What Nykaa & GST Have In Common

On Ist July 2017 our everyday lives changed drastically. The GST- Goods & service tax was finally implemented and it made few items cheaper and a few others more expensive. So if you’re still wondering what this tax is all about, here’s a quick explainer.

1. They’re both ideal for makeovers

Nykaa for a beauty makeover and the GST for a tax makeover!

India’s indirect tax (any tax other than Income Tax) system changed completely after 1st July 2017 and is now replaced by the goods & service tax aka GST. This means all the previously imposed taxes like VAT, service tax, Krishi Kalyan Cess, Swachh Bharat Cess, excise duty etc. which differed in every state (depending on the ruling party) are substituted by a single uniform tax called the goods & service tax. Now your friend in Punjab and your friend in Gujarat will pay the same taxes as you do for movies, groceries and food. For instance movie tickets in Maharashtra were taxed at 45% and in Rajasthan at 0%.  But after 1st July movie tickets in all states are taxed at a 28% GST rate.    

GST also changed our tax system from origin based to destination based meaning taxes will apply only on using a product/service and not on producing it, kind of like cash on delivery. So, if a bag is produced in Maharashtra but used in Gujarat GST will be applied and collected by the Gujarat government. Thus, benefiting the state that consumes more.

This even works for international trade transactions. Under GST imports (goods/services we purchase from abroad) get taxed but exports (selling goods/services to other countries) don’t. So our country is encouraged to export more and import less.

2.   They both have sections

Navigating for the perfect lipstick shade has become so much easier with Nykaa’s brands, prices and shades filters. Even someone who doesn’t apply makeup would be able to find their products on Nykaa easily. Similarly, thanks to GST I now know how much tax a product should attract and don’t end up paying my bill blindly.

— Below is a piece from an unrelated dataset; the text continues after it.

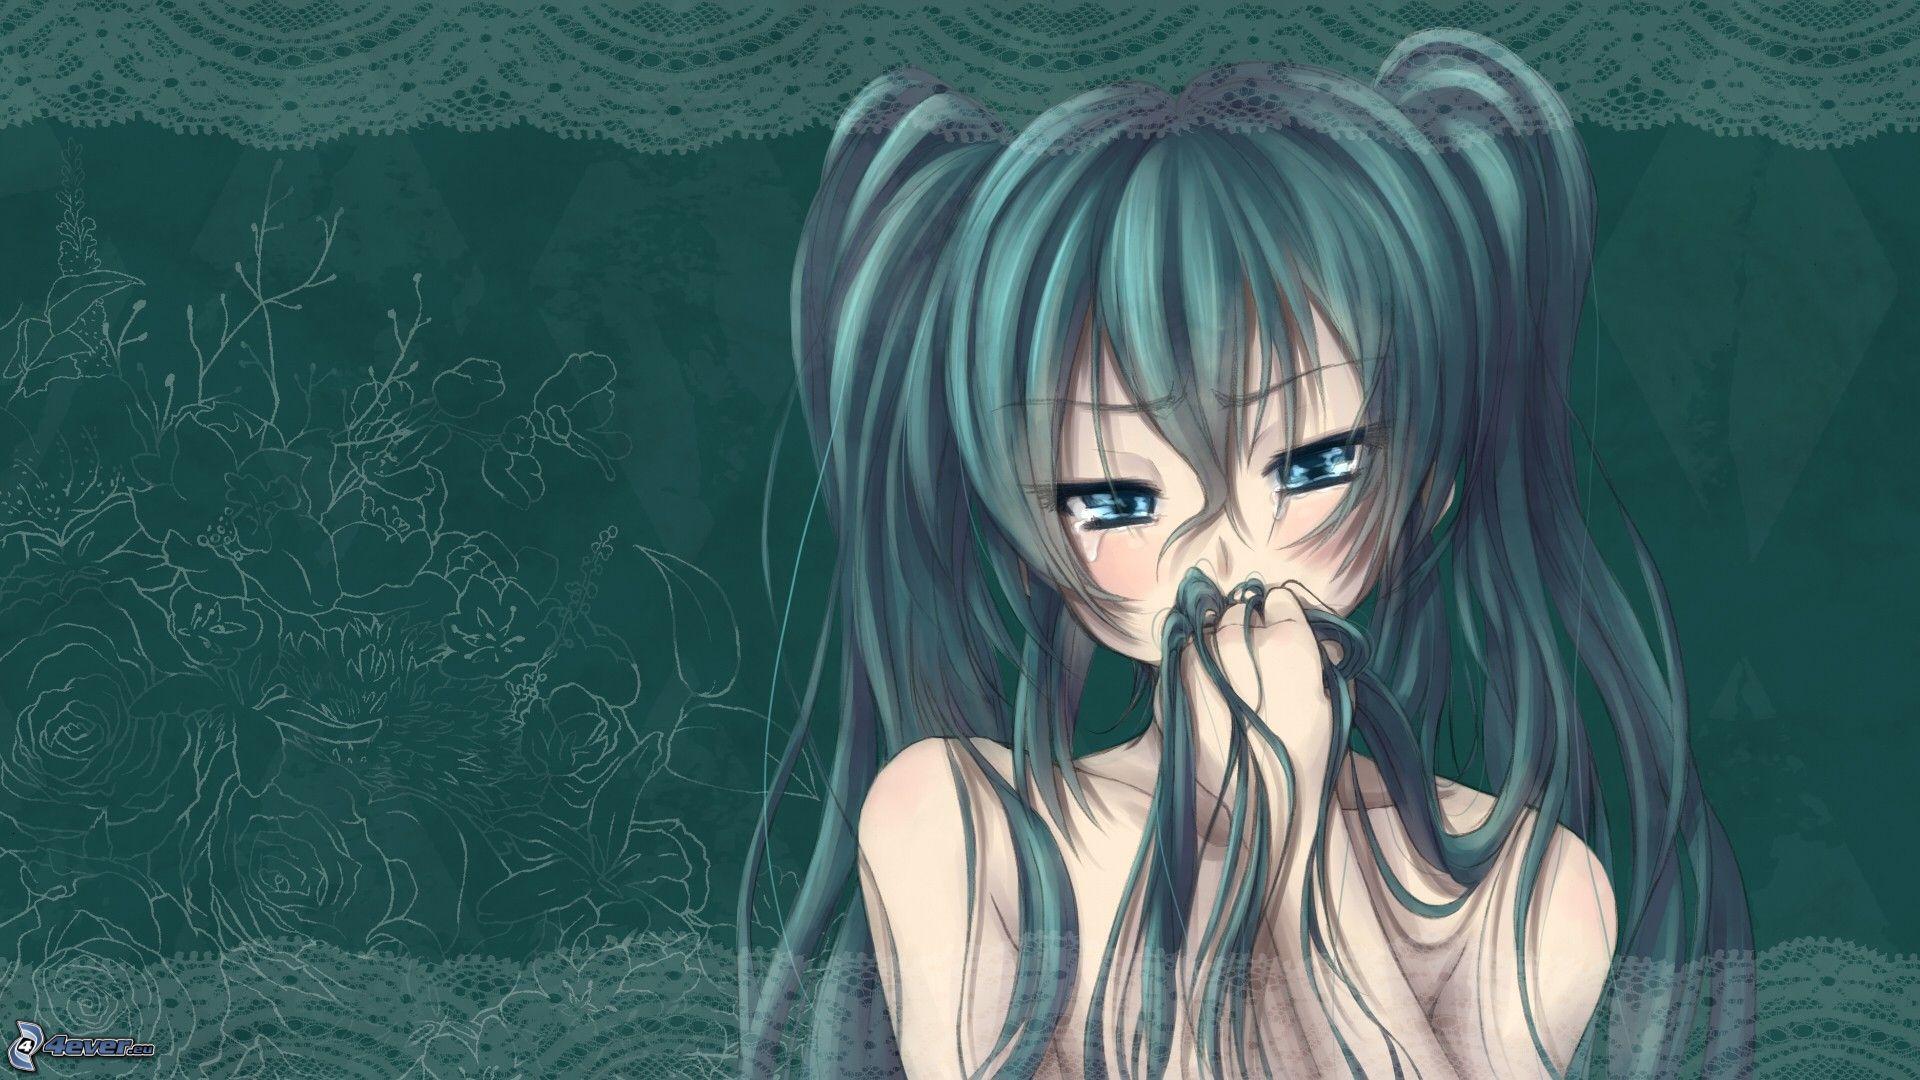 Anime fille - Image de manga triste ...

India has 5 different rates- 0%, 5% 12%, 18%, and 28% for different kinds of products, so that the poor don’t end up paying too much for basic essentials or the rich don’t end up paying too little for luxury items. Learn these rates so the next time you go shopping you know exactly how much you can be taxed for an item.

Did You Know?

Most countries have one standard GST rate for all types of products whether its rice or a pair of shoes-

France- 20%
United Kingdom- 20%
New Zealand- 15%
Malaysia- 6%
Singapore- 7%


A trip to the local baniya for day-to-day essentials like milk, eggs, butter, fruits and vegetables will be pocket-friendly because there is no GST on these items.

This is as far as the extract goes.